Then, all experimental suspensions were tested with a laser nanoparticle size analyzer (SZ-100, Horiba, Kyoto, Japan) after the reaction reached a stable state to determine the binding state of colloid and Cr (VI) in the solution (when testing fluid dynamics diameter, select organic or silicon oxides in the particle preset to test HA colloid and Mt colloid, respectively. The dispersant type was water, the refractive index was 1.333, and the test temperature was set to 25 °C. When zeta potential was tested, the temperature of the particle and dispersant was the same as above, the Henry coefficient term was the Smorukowski formula, and the sample cell used 6 mm graphite electrode cell).

2.4. Dynamic Leaching Experiment

A vertical column experimental setup was chosen for the leaching simulation.
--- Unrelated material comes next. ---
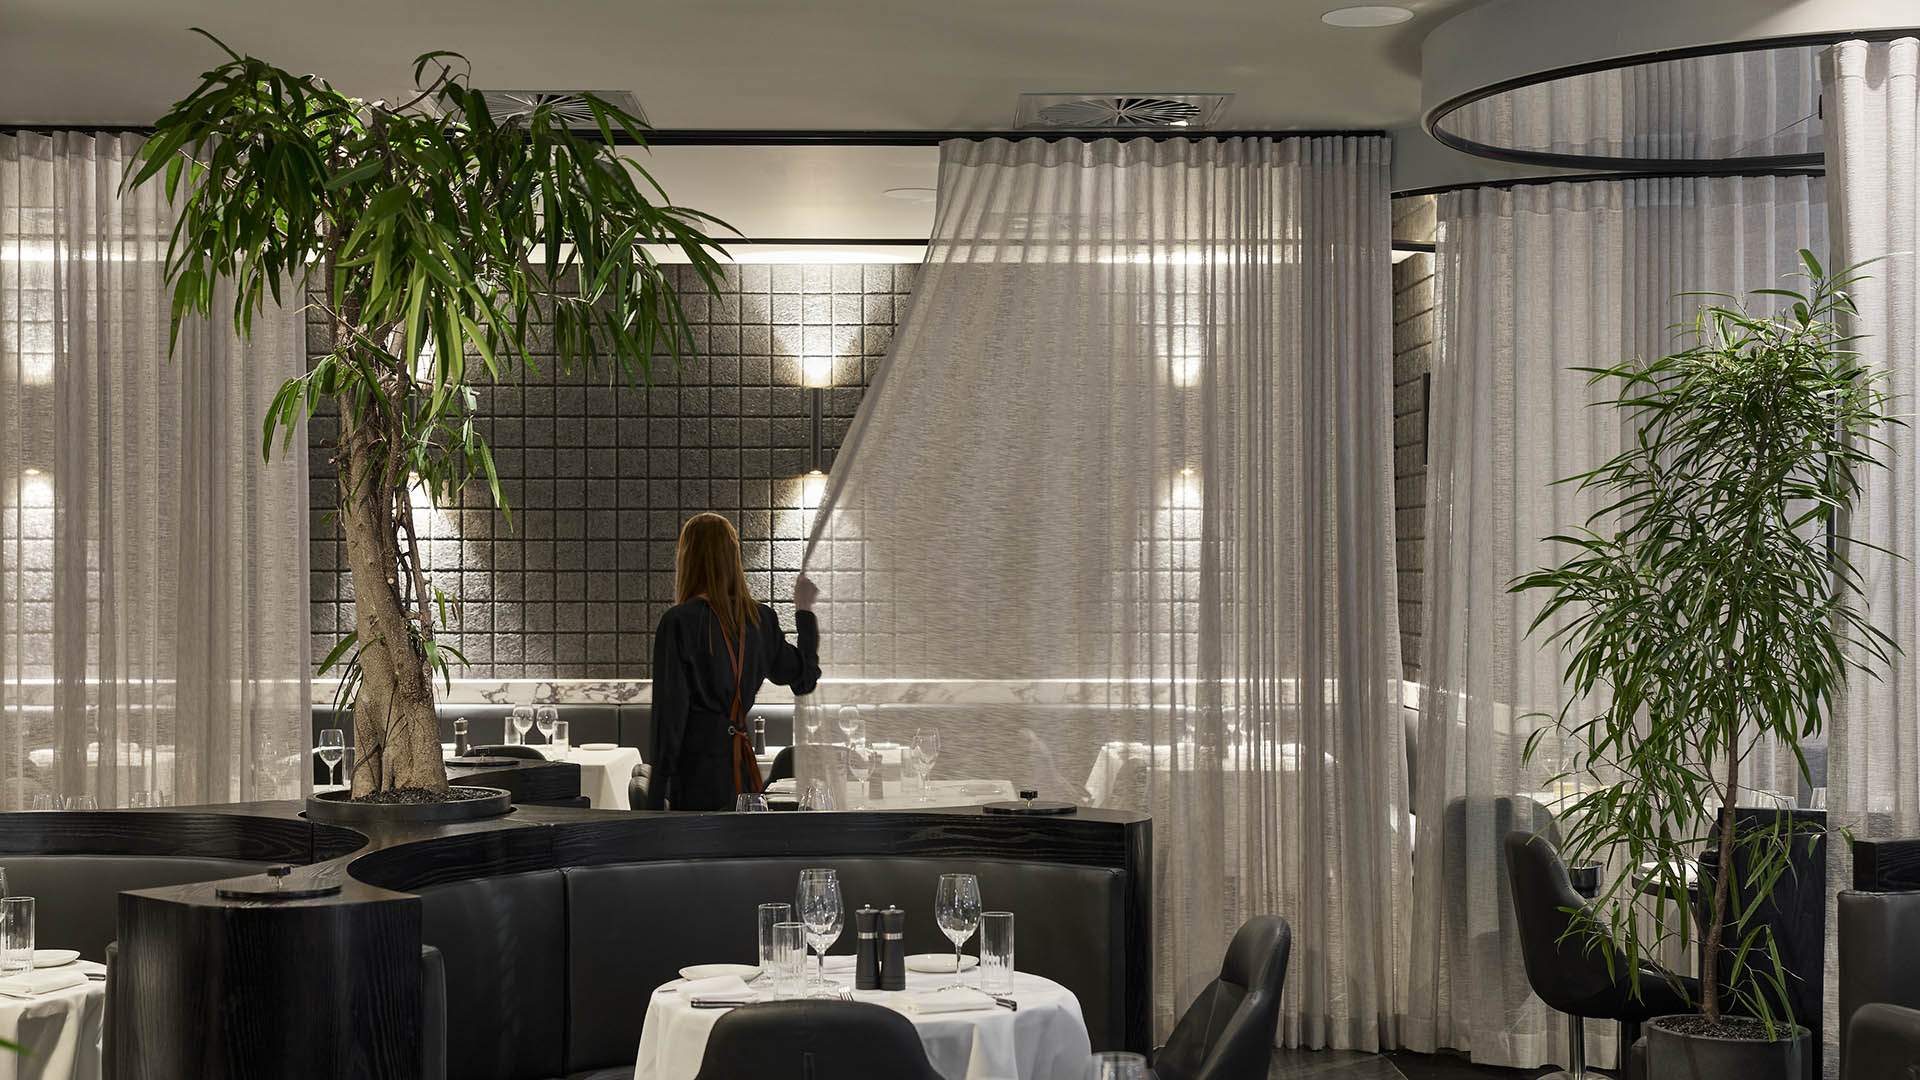 Now Open: Wagyu Tasting Boards and Booths with Floor-to-Ceiling Curtains Await at Fatcow on James Street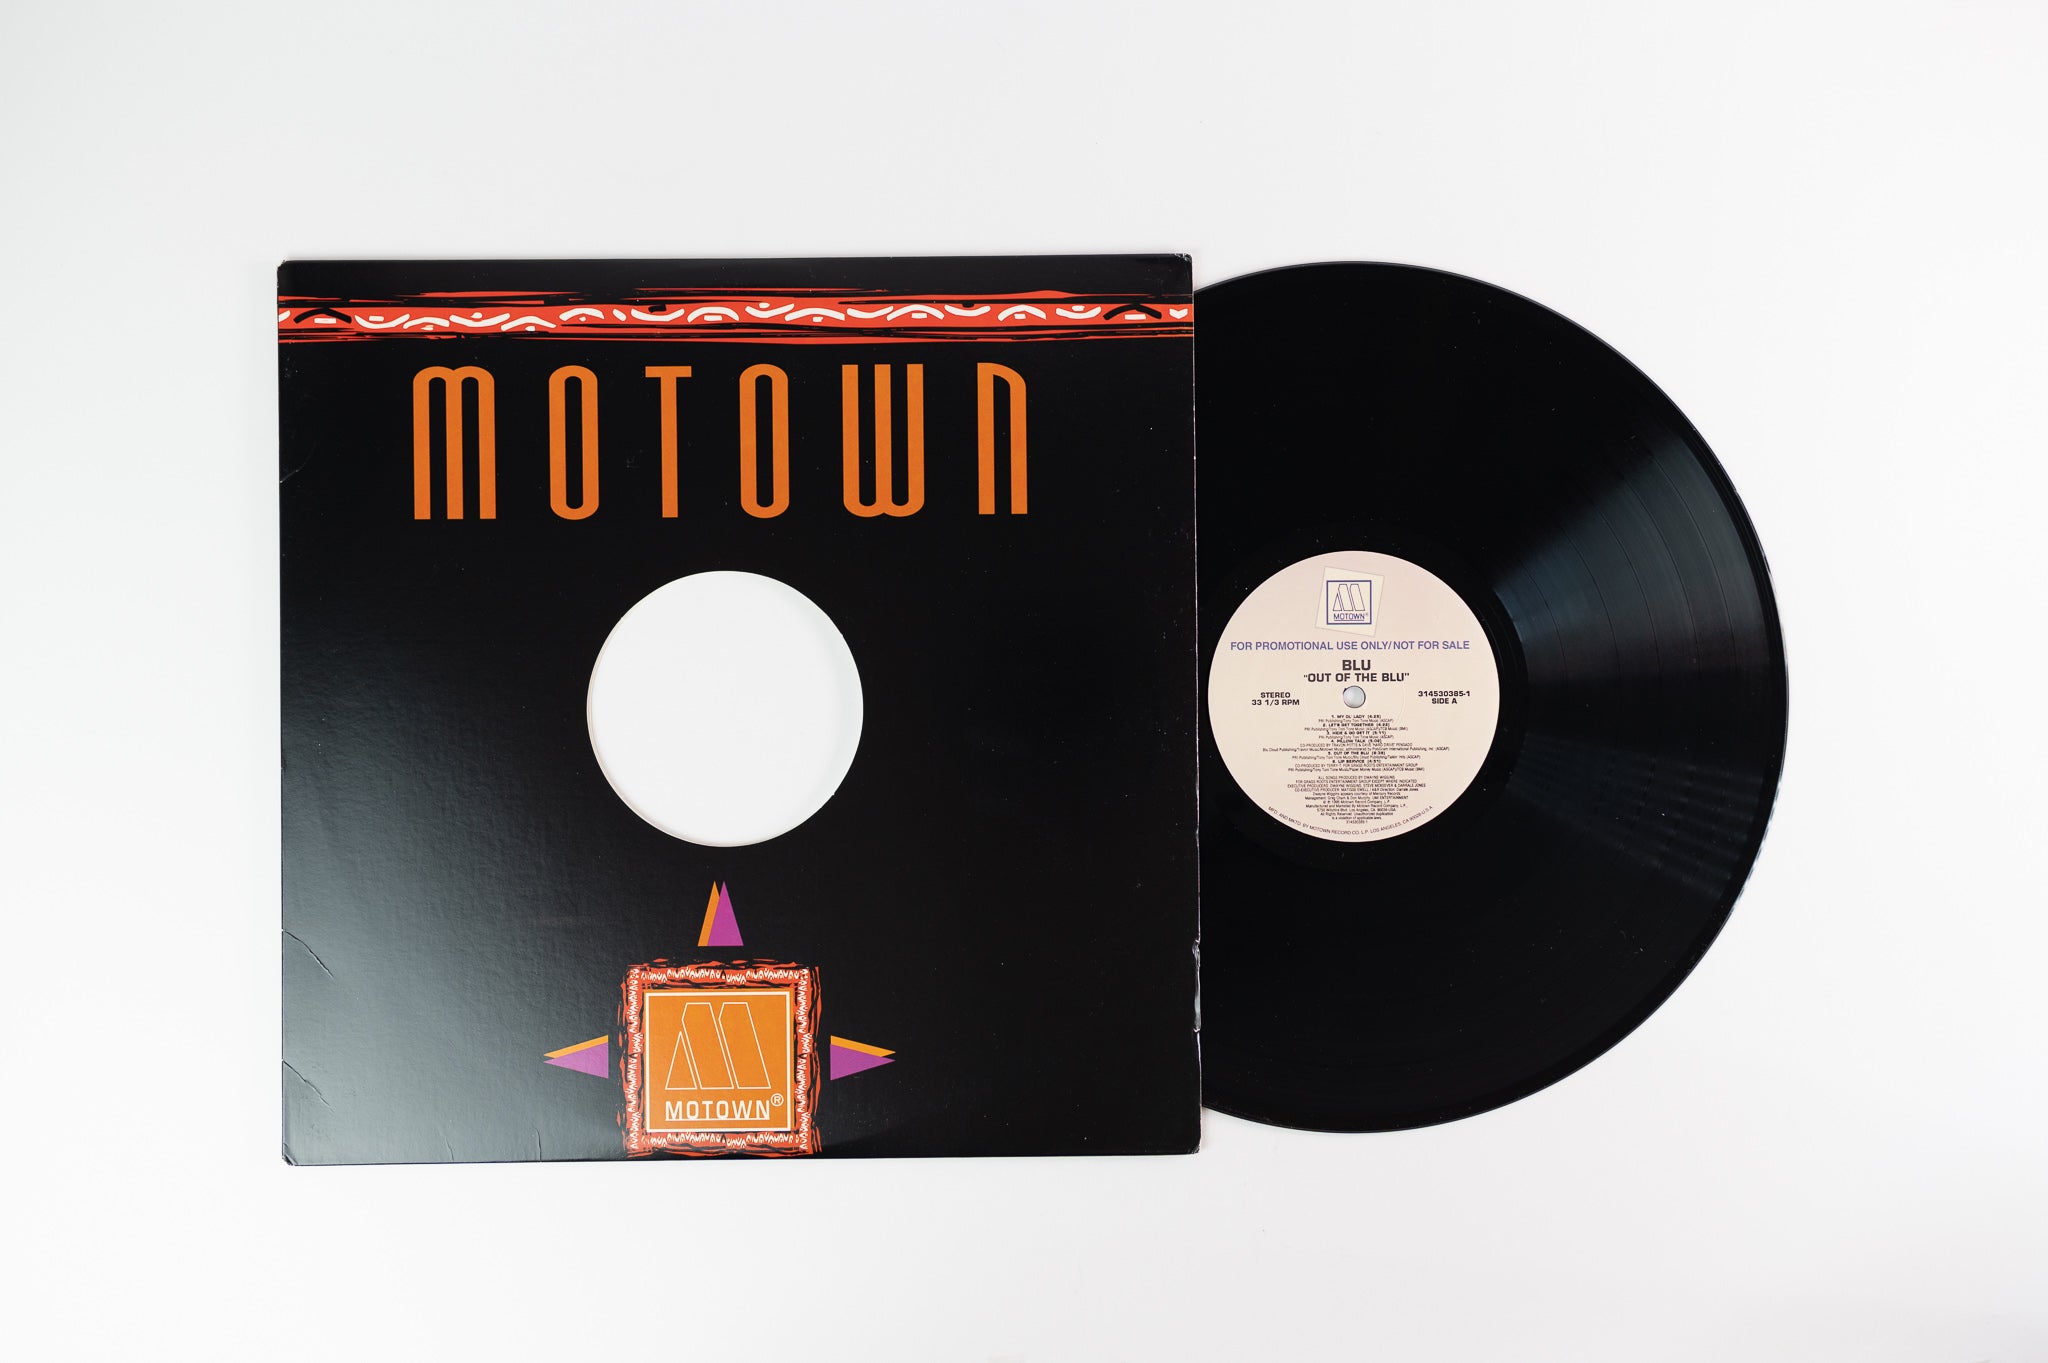 Blu - Out Of The Blu on Motown Promo

The length of the plexiglass column was 10 cm, the inner diameter was 2 cm, and the column volume was approximately 31.4 cm³. The inner wall of the column was frosted to prevent it from causing preferential flow. Before use, deionized water was repeatedly washed through the column, and microporous filters were installed at both ends of the column to simulate the leaching process and enable even infiltration. A peristaltic pump (BT-100, Longer, Baoding, China) was used to control the water flow at 0.3 mL/min, and an automatic partial collector was used to collect the outflow.

The column was filled with cinnamon soil or silt soil using the wet filling method to exclude air bubbles from interfering with the experiment. In order to better determine the influence of different colloids on chromium adsorption, we set a single variable; that is, when studying the influence of colloid type, the soil column was filled with a single type of soil. The relevant parameters are shown in Table 1. The initial pollution concentration was 100 mg/kg. Water content of approximately 80% was controlled by drainage weighing to simulate the initial unsaturated conditions of precipitation, and the release process of Cr (VI) under different conditions was explored by changing the acid–base, SO₄²⁻ ion, and precipitation infiltration parameters of the system.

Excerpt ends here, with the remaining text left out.